Bisiklet kiralamak için garın yanındaki yeri aradım sordum birkaç kişiye , taşındığını öğrendim. Son durum sarayın bahçesinden kiralayabilirsiniz.
Ne bahçe ama) Semt gibi! Acaba bahçe bisikletle dolaşilabiliyor mu? Bu çok ônemli. Bir bisiklet kiralayip içeriye sokabiliyor muyuz? Bir dahaki gidişimde bôyle bir imkan varsa yapmak isterim.

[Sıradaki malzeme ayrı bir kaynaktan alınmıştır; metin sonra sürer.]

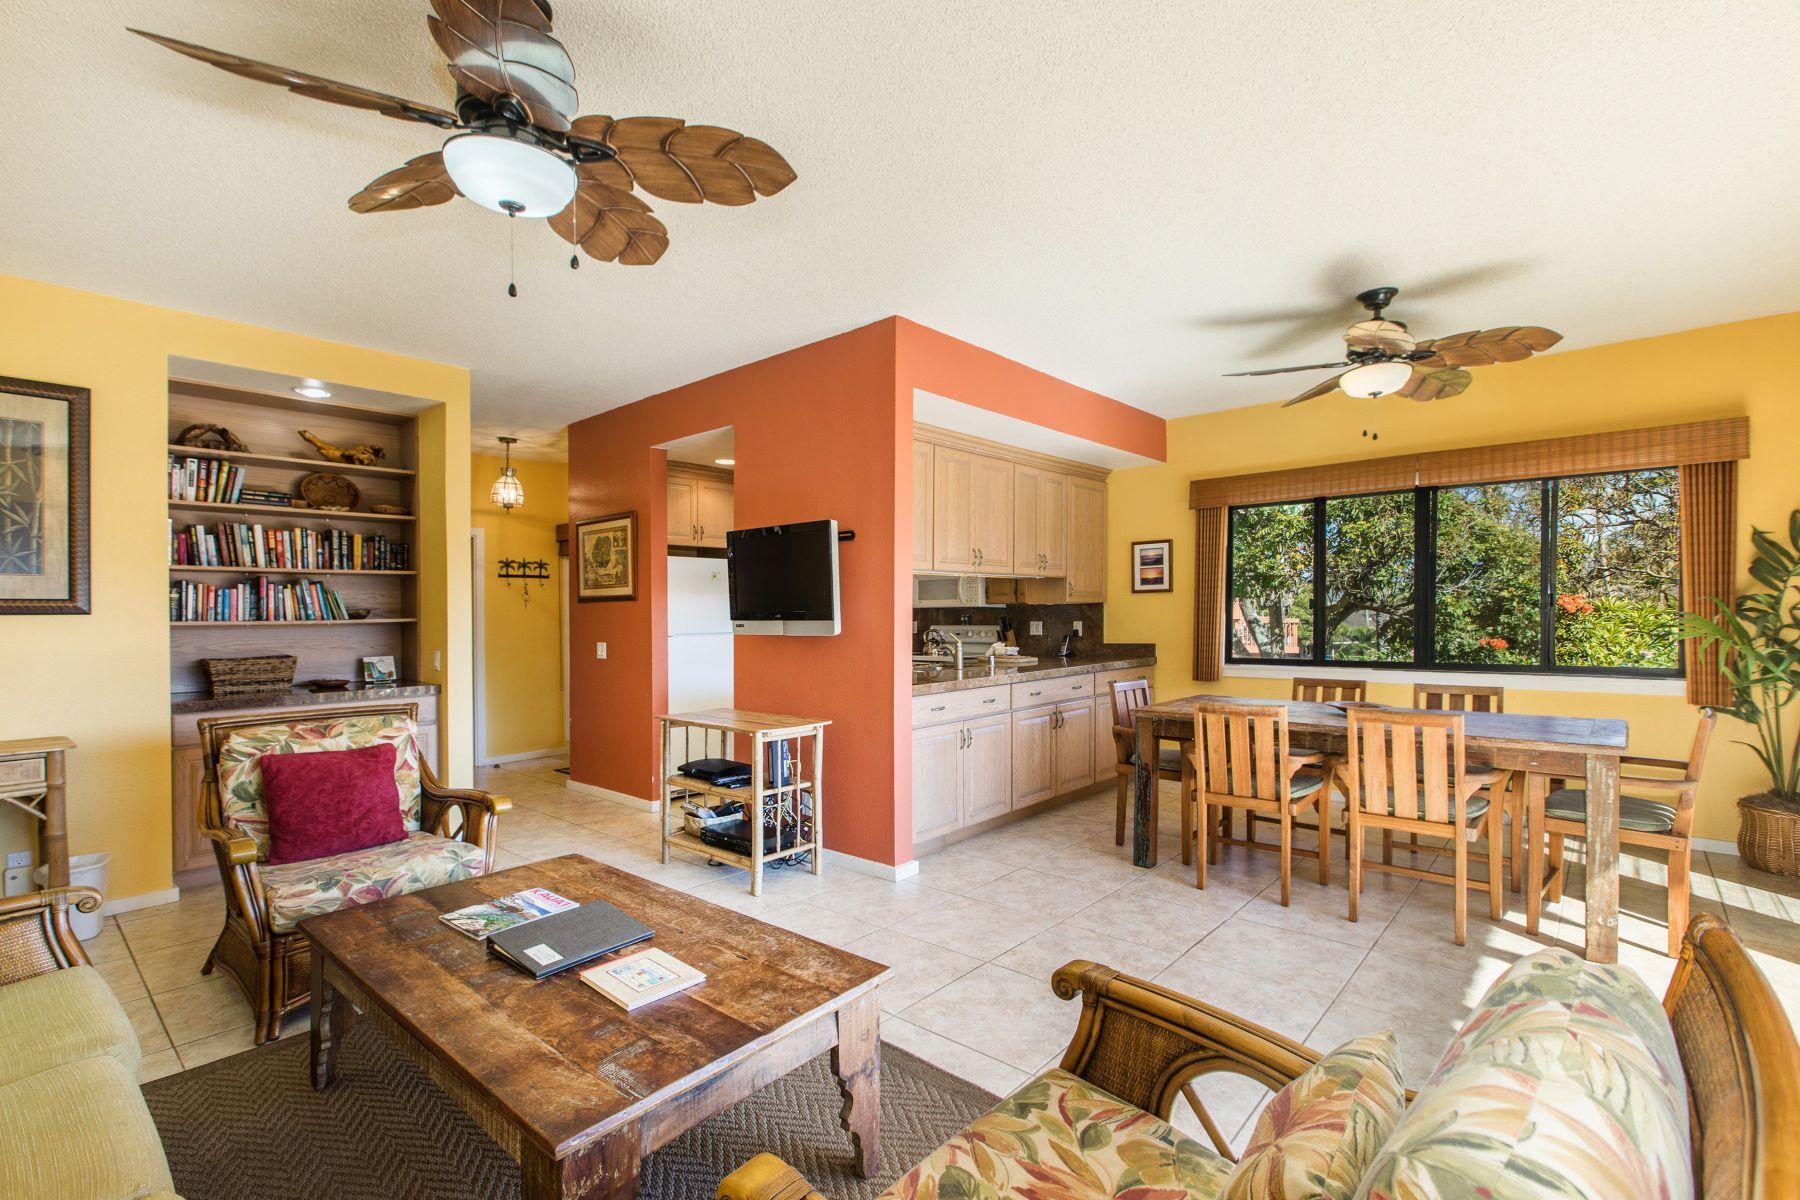 Condominium for Sale at Rare and Completely Detached Condominium with Two Car Garage in Koloa, Kauai 2370 Ho'ohu Road #311 Koloa, Hawaii, 96756 United States

gerçekten şahane bir bahçe
bisikletle giriş mümkün aynı zamanda oradan bisiklet de kiralanabiliyor
göletin çevresinde bisikletle yaptığım turu unutamam…
Ahmet bey selam,
Rer ile ulasim fiyati ne kadar tutuyor c-line invalides duragindan?
Bir de paris museumpass aldigimizda bahcelerinde de geciyor mu? Sotesinde sadece saray yazmislar. Cok tesekkurler bilgilendirme icin
Merhaba İsmail Bey
Paris Museum Pass Versailles bahçesinde de geçiyor AMA ses ve su gösterileri olduğu döneme denk gelirseniz ekstra ücret ödemeniz gerekiyor.
Merkezden Versailles'a RER bilet fiyatı tek kişi tek yön 3,55€'dur.
İyi tatiller
Merhaba Ahmet Bey!
Öncelikle mükemmel bir sayfa. Teşekkürler.
Biz 20.06-27.06 arası Paris’ te olacağız. Konaklamamız RUe du Marche’de olacak. Buradan Versailles sarayına gitmek için metro 9 ve RER C’ye bineceğiz.
Sorum şu olacak, RER biletini online hangi siteden alabiliriz.
Merhaba Serkan Bey,
RER bileti internetten alınamıyor ne yazık ki.